Honestly, going international is one of the smartest moves you can make. Different countries don't always move together, so when the US tanks, Europe or Asia might be doing fine. You'll get exposure to sectors we don't really have here - like some of those crazy growth stories in emerging markets. Plus currency stuff can actually help when the dollar's weak (though that's kinda unpredictable). I'd start with maybe 20-30% in broad international ETFs. Nothing too fancy at first. Oh and don't overthink it - even just adding some developed markets helps break up that home bias we all have.

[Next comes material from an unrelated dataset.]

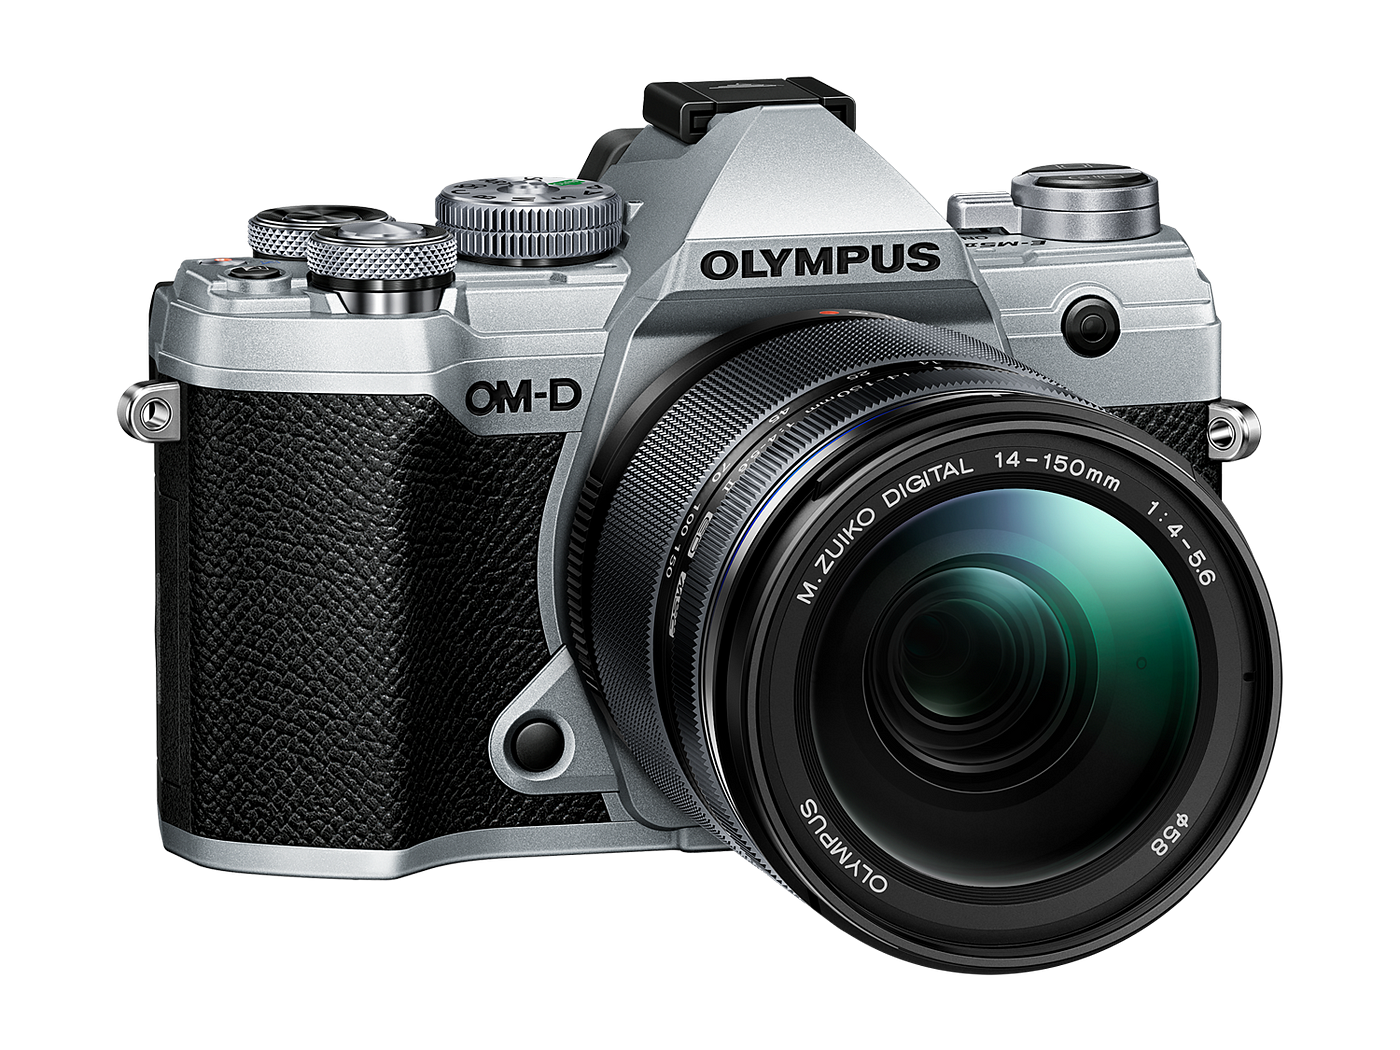 Olympus e m5 mark. Фотоаппарат Olympus om-d e-m5 Mark III Kit. Olympus m5 Mark 2. Фотоаппарат Olympus om-d e-m5 Mark II Kit. Olympus om-d e-m5 body.

Honestly there's a bunch of good stuff out there now. For the big institutional players, Morningstar Direct and BlackRock's Aladdin are where it's at. Robo-advisors like Betterment handle the rebalancing automatically which is pretty sweet. Look, Excel still does the job if you're not fancy about it - I know people hate on spreadsheets but whatever works. Portfolio Visualizer gives you way better scenario testing though. Monte Carlo sims are clutch for stress testing your allocations. Personal Capital's actually free and tracks everything across accounts, so that's probably your best starting point unless you need something more complex.

Honestly, I'd use alternatives more like seasoning than the main course - they should complement your regular stocks and bonds, not take over. REITs, commodities, maybe some private equity if you're feeling fancy. The whole point is finding stuff that zigs when your other investments zag. Keep it under 20% of your portfolio though, especially starting out. These things can be weird to price and you can't always sell them quickly. I'd probably start with something simple like a commodity ETF or REIT just to see how it feels. Once you get comfortable, then maybe explore the fancier options.

Yeah so the upside is you can potentially make better returns by tweaking your portfolio when you spot opportunities or when things start looking sketchy. But here's the thing - it's way trickier than just buying and holding. Transaction costs add up fast, plus you'll get hit with more taxes from all that trading. And honestly? Most people suck at timing the market. You might end up doing the classic buy high, sell low thing if you read the signals wrong. If you're gonna try it, maybe start with like a small chunk of your money first - see how your gut instincts actually play out before betting the farm.

Track your portfolio's total return against a benchmark that matches your setup - so if you're doing 60/40 stocks/bonds, compare it to a 60/40 index. The Sharpe ratio is clutch for seeing if you're getting decent returns for the risk you're taking. Don't just chase returns though - volatility matters way more than people think. Check how much your allocation drifts from your target and rebalance when it gets too far off. I'd say quarterly reviews work best to keep yourself honest about sticking to the plan. Oh and honestly? Most people totally ignore the risk side of things.